After two years of restoration, the façade of the seven-story Hallidie Building on Sutter Street in San Francisco has regained its claim as one of the city’s, and the country’s, most significant architectural landmarks. Built in 1918, the historic building is owned by Edward J. Conner and Herbert P. McLaughlin.

“The Hallidie Building is known the world over as a progenitor of modern architectural design,” Conner stated in an announcement of the project’s completion. “We owed it to the city of San Francisco to restore this façade to its original glory.”

In an article for the San Francisco Chronicle, urban design critic John King described the restored Hallidie Building as “one of the most important architectural sights in San Francisco.” According to King, “The transparent net of glass is startling even now on a block otherwise lined with buildings clad in stone, and in its time it was revolutionary: the first glass curtain wall in the United States, the ancestor of the towers that gleam on countless skylines.”

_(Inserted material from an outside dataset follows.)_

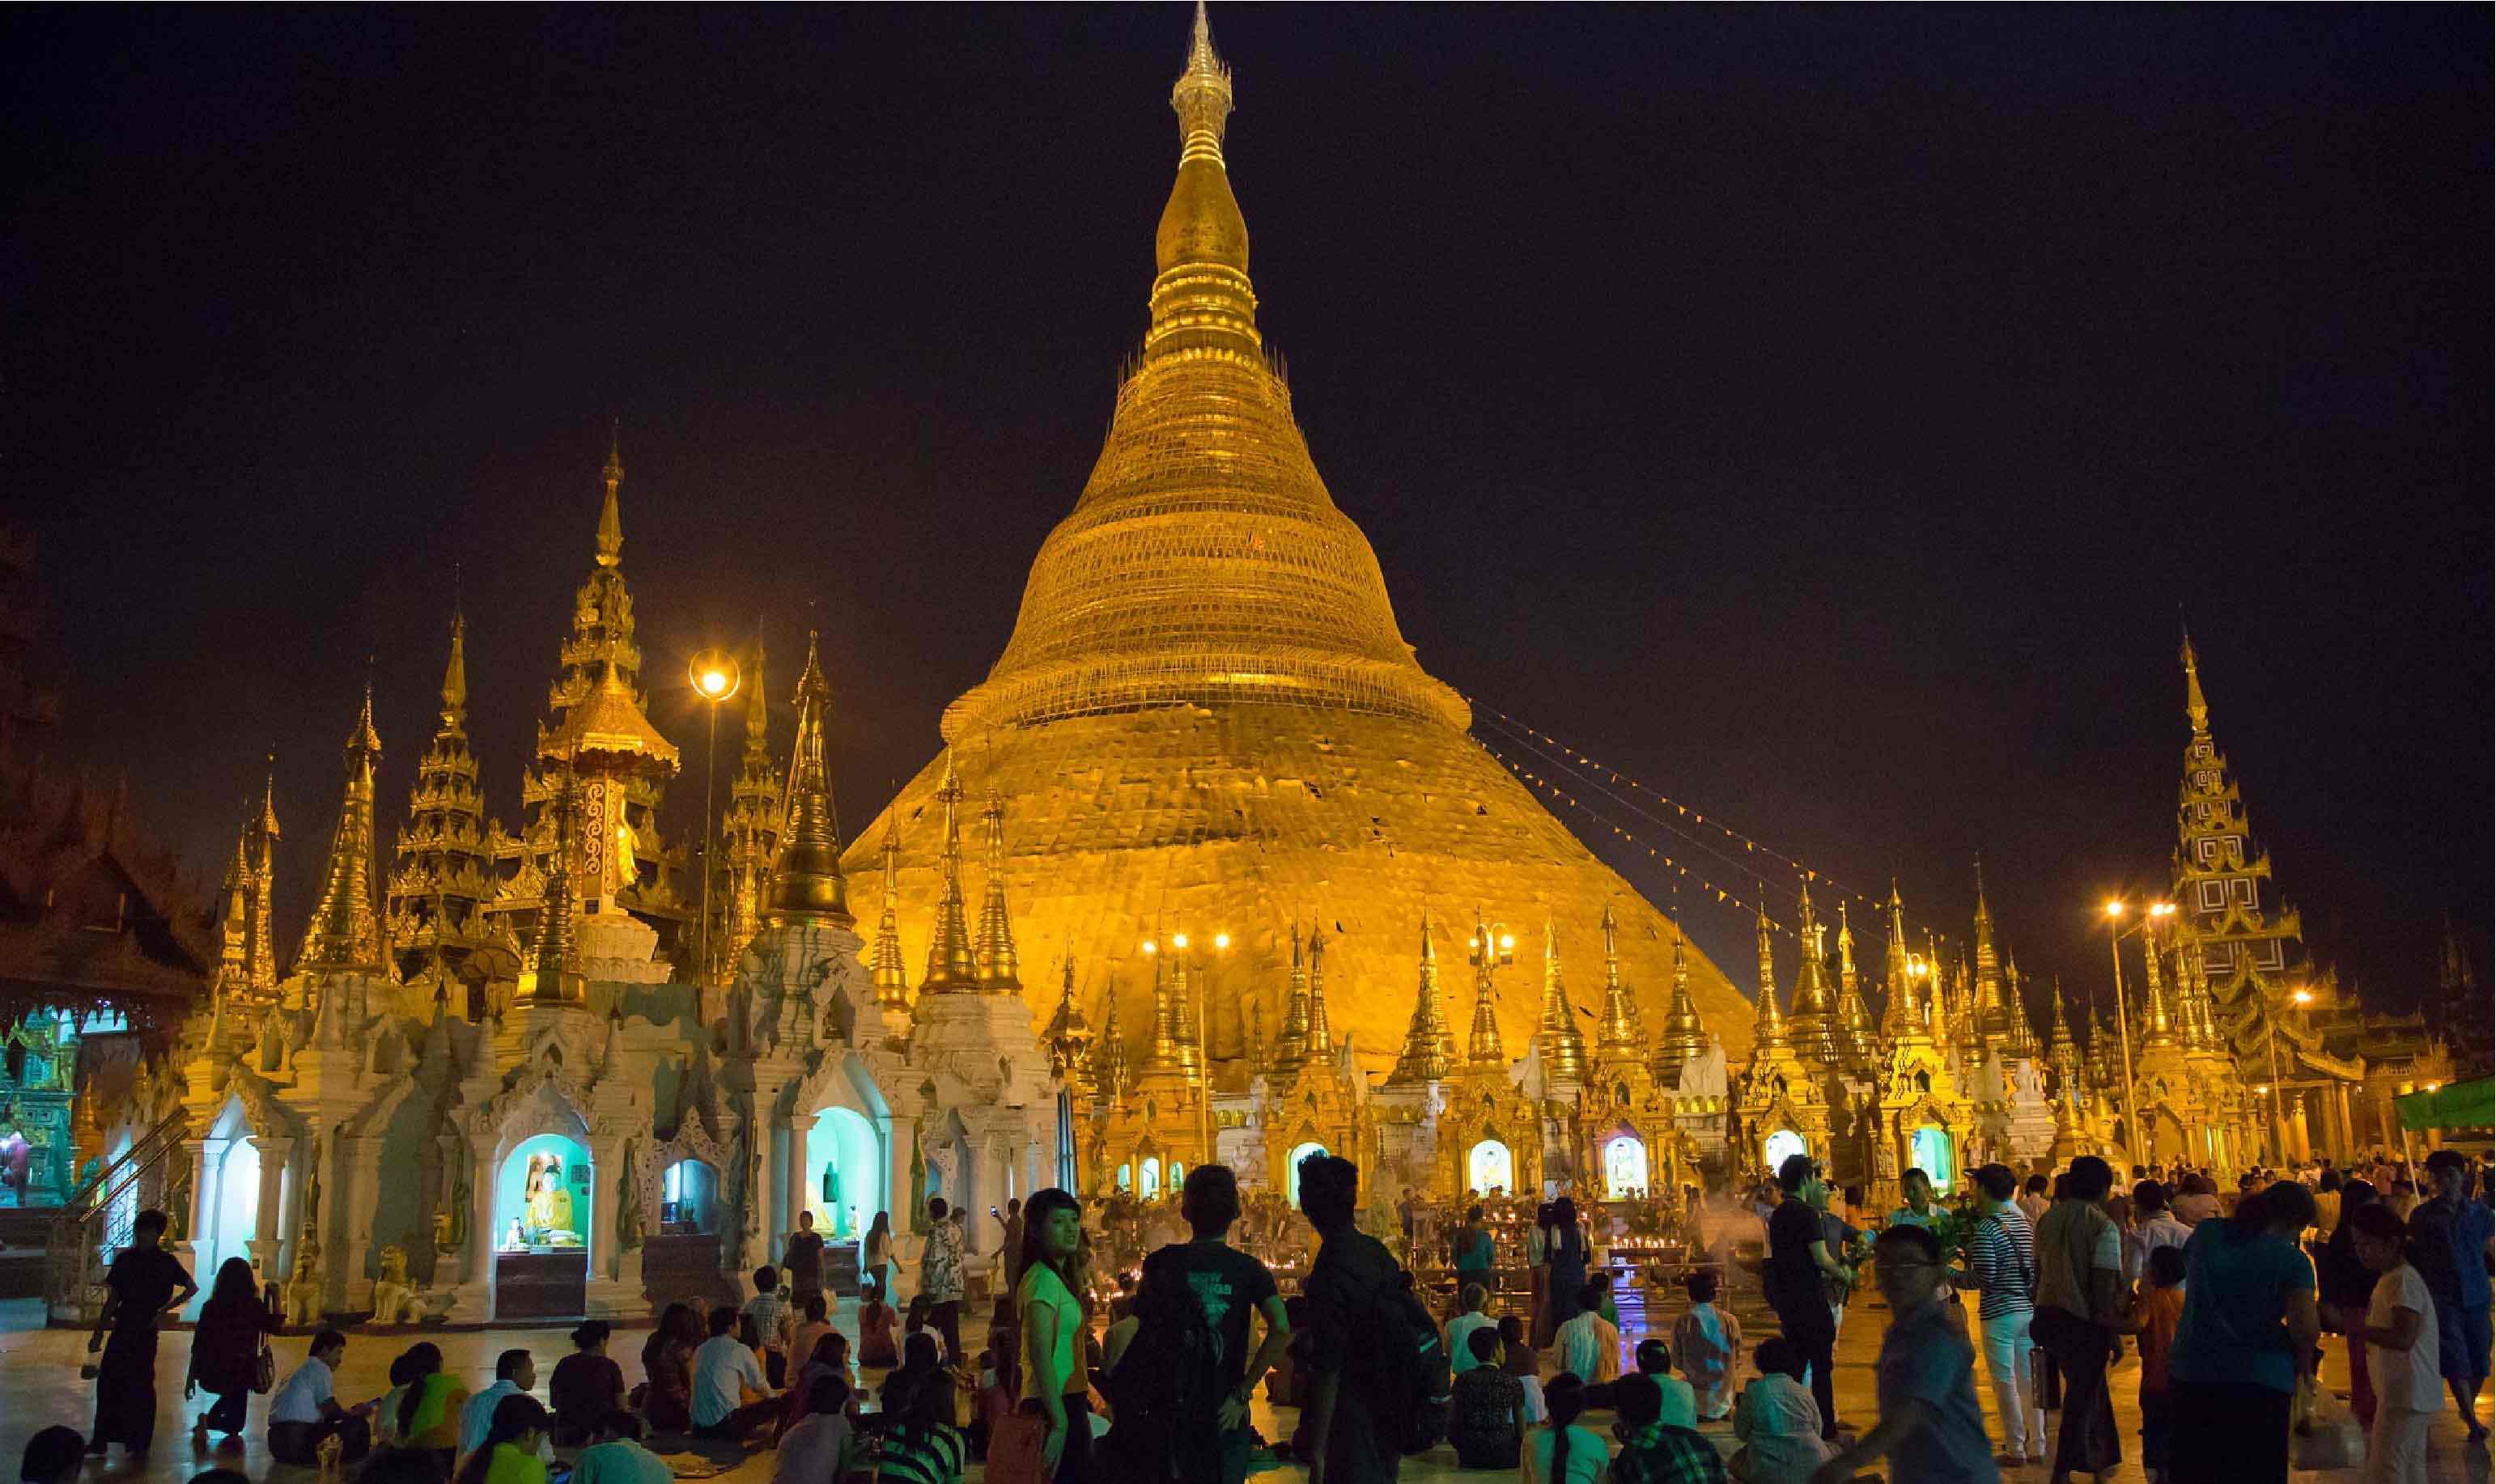 ทัวร์พม่า ย่างกุ้ง หงสาวดี อินแขวน 4วัน 3คืน บินไทยไลอ้อนแอร์(SL)

Designed by Willis Polk, one of San Francisco’s leading architects at the turn of the 20th century, the Hallidie Building was owned by the University of California and named for one of its regents, Andrew Hallidie, who also invented the cable car. In 1971, the Hallidie Building was listed on both the National Registry of Historic Places and the San Francisco Historic Landmarks and Districts.

Over the years, the Hallidie Building façade had suffered from water infiltration, causing damage to its structural steel and decorative metalwork. In 2011, restoration work was initiated by the owners and a team of professionals that included The Albert Group, project manager; McGinnis Chen Associates, architects of record; and Page & Turnbull, serving as the preservation architect.

The overall project involved removal, repair and reinstallation of approximately 735 sheet metal and railing components for the building’s ornamental balconies and fire escapes, along with 513 windows. A poly sheeting containment system was constructed around work areas to prevent lead-based paint chips from migrating into the environment.

Existing paint on the façade was removed in blasting chambers by Abrasive Blasting & Coating (AB&C), Inc., of Vallejo, CA, and primed with Series 90-97 Tneme-Zinc, an aromatic urethane, zinc-rich primer from Tnemec Inc., Kansas City, MO.

“Wendy Amos worked with the design team to select a coating system that would achieve the highest level of performance in terms of color and gloss retention,” according to coating consultant Carl Bowers with Amos and Associates in Auburn, CA. “After priming, the metalwork was transported to Van Mulder Sheet Metal for repairs and strengthening with fiberglass.”

Once repaired, the ornamental components were returned to AB&C where they received a coat of Series 135 Chembuild, a modified polyamidoamine epoxy, which is an ideal foundation for the specified intermediate coat of Series 1075 Endura-Shield II, an aliphatic acrylic polyurethane coating. Nearly 235 gallons of Series 1075 was used.

“Series 135 was also used to prime the metal fire escapes and remaining curtain wall structure in the field while the in-shop work took place,” Bowers noted.

More than 300 gallons of high-solids fluoropolymer coatings that offer outstanding color and gloss retention were applied as the finish coat to exterior metal, including structural steel. Blue-colored components received either Series 1071V Fluoronar, a low-VOC semigloss fluoropolymer coating, or Series 1072V Fluoronar, which offers a satin finish.

Gold-accented components received a coat of Series 1078 Fluoronar Metallic, followed by a clearcoat of Series 1079 Metallic Clearcoat. All coatings were supplied by Tnemec.

“The advantage to this coating system is unsurpassed protection against ultraviolet light attack and the elements of weather, such as San Francisco fog,” Bowers added.

 As a celebration to the completed restoration, San Francisco Mayor Ed Lee, declared May 1st “Hallidie Building Day.”  In 2013, the restored facade was named winner of the Charles G. Munger Award presented by the Society for Protective Coatings to an outstanding industrial or commercial coatings project that demonstrates longevity. The project also won the AIA CA Council, BD+C Platinum Award and Engineering News Record’sBest CA Renovation/Restoration Project of the Year in 2013.